■ **DIRECTIONS FOR THIS TASK**
Copy, word for word, the lines of the listing below from the line with "Ký hiệu Container" up to and including the line with "60's Retro Calligraphy". Drop the pictures.
***** EXERCISE MATERIALS
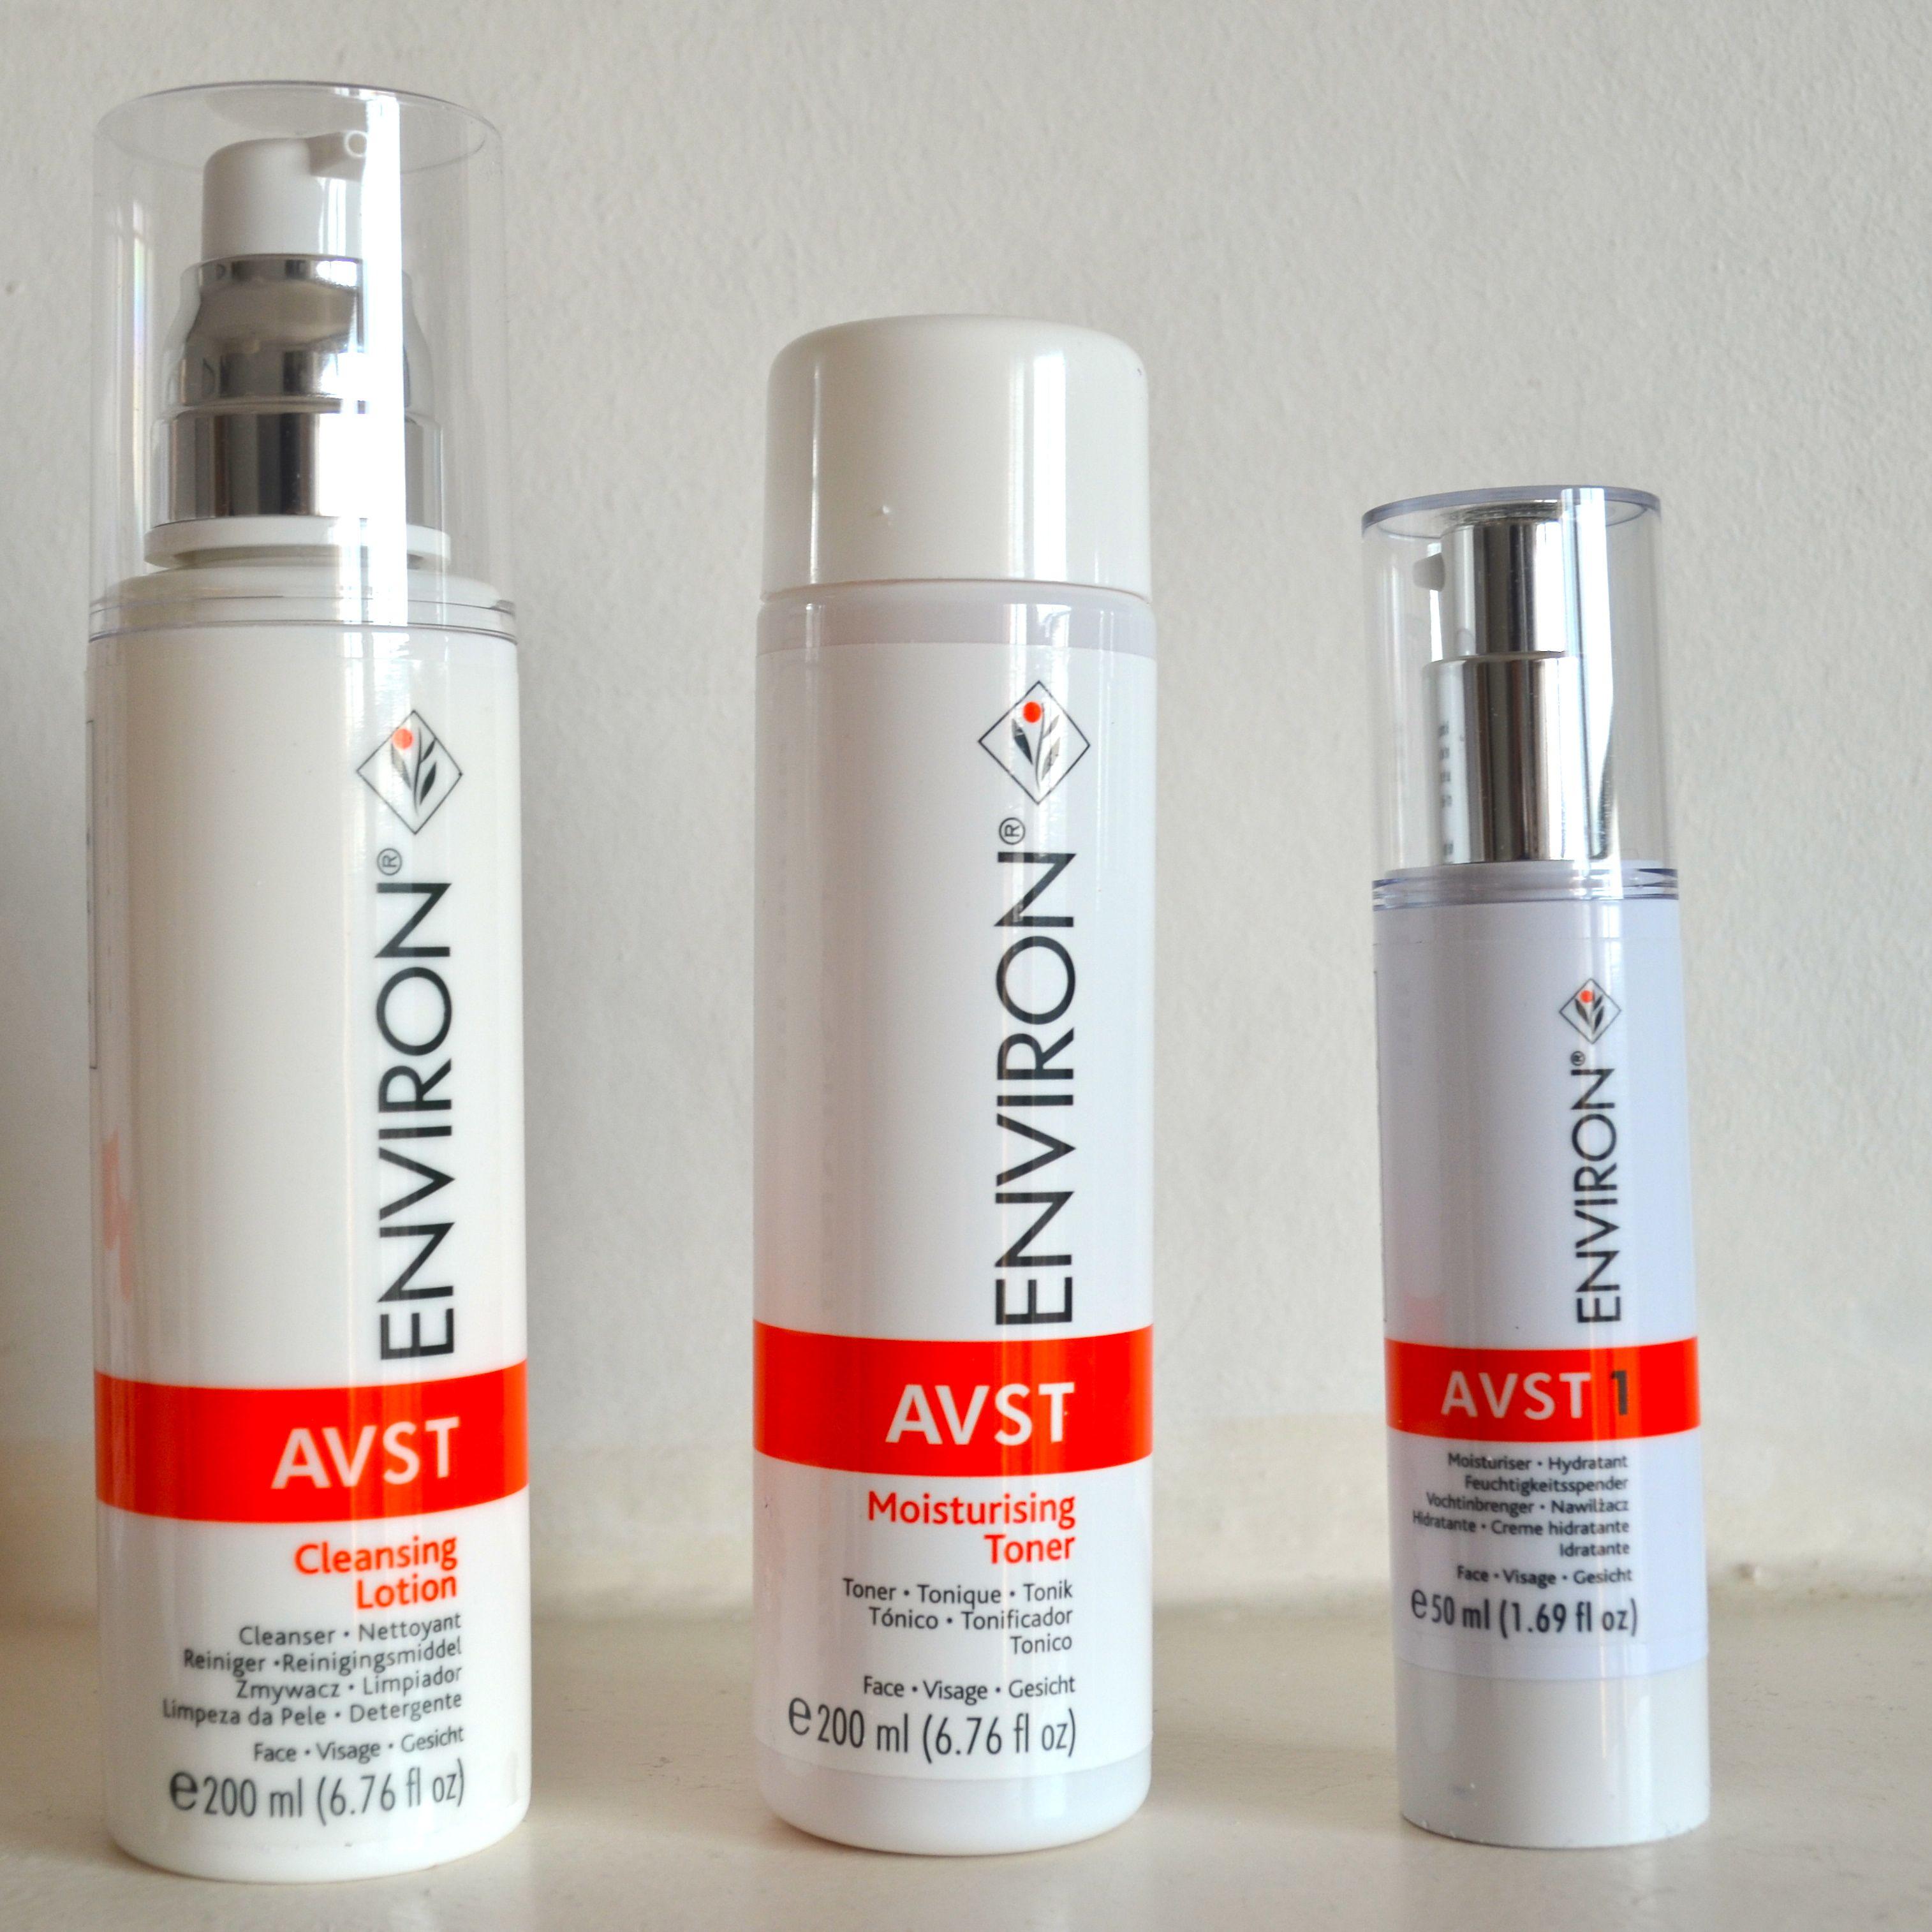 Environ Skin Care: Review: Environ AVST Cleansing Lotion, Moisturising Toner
**********
***** EXERCISE MATERIALS
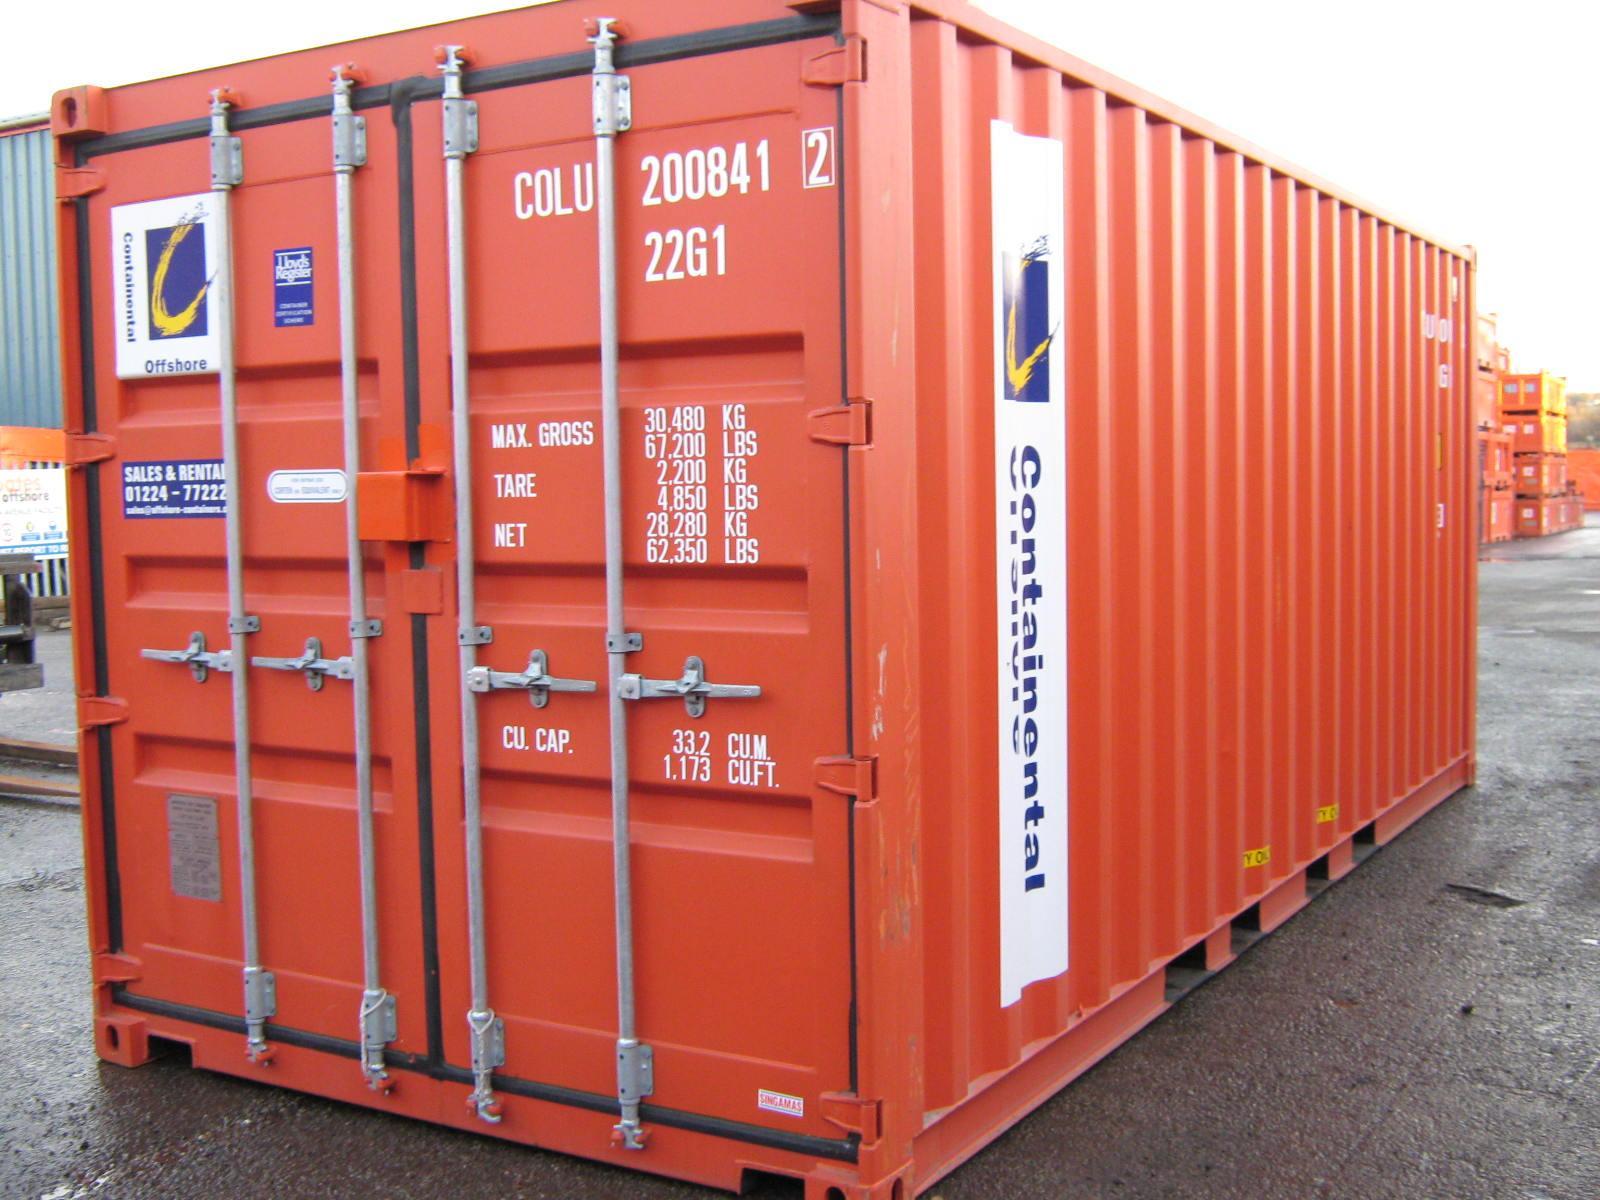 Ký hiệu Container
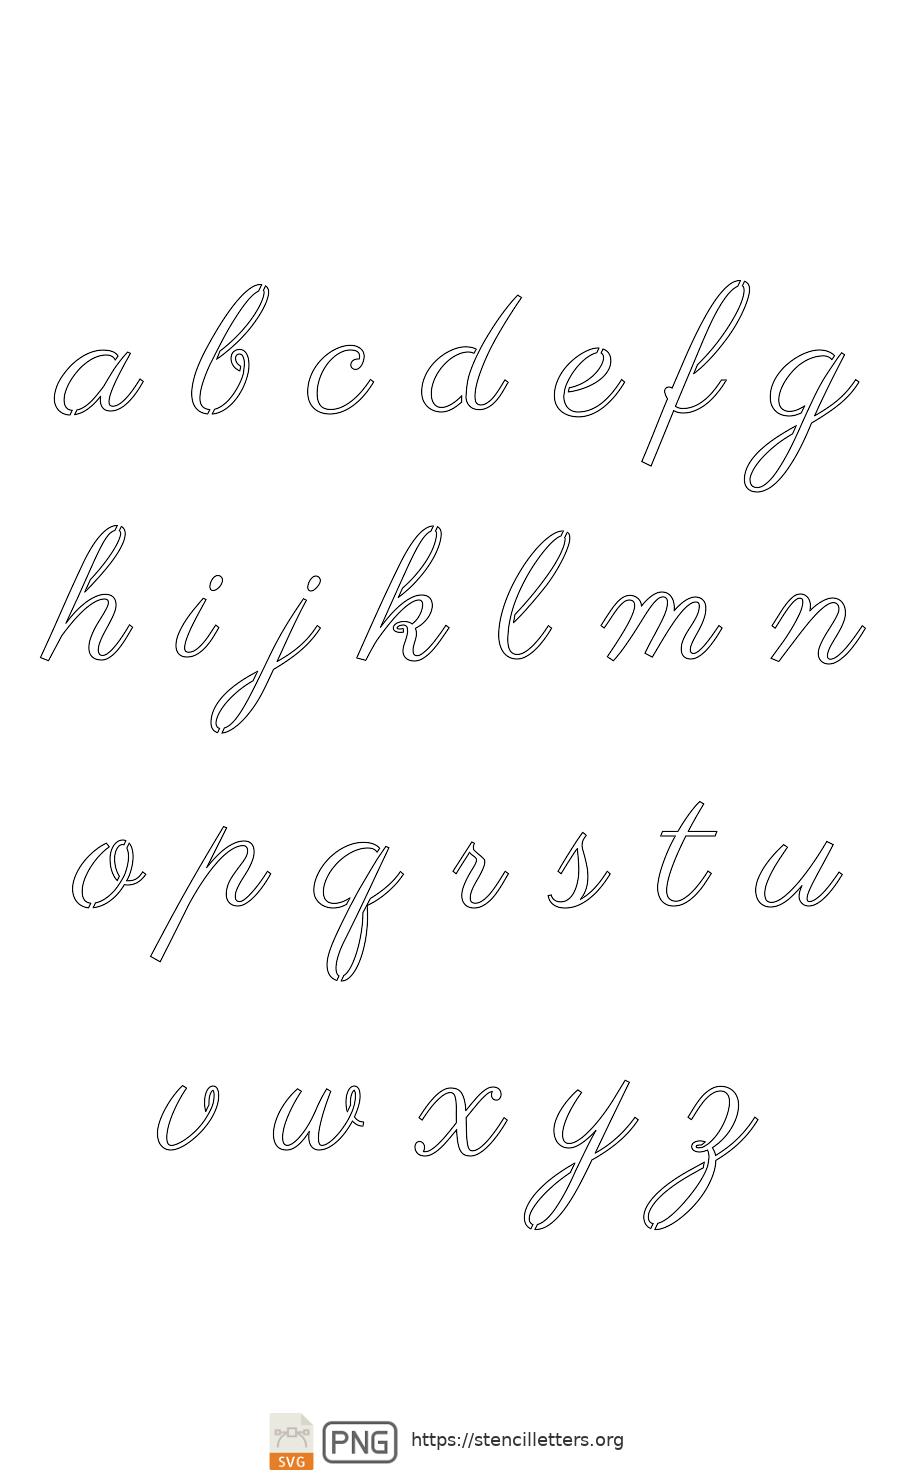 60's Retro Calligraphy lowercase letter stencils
**********
■ **EXERCISE RESULT**
 Ký hiệu Container
 60's Retro Calligraphy lowercase letter stencils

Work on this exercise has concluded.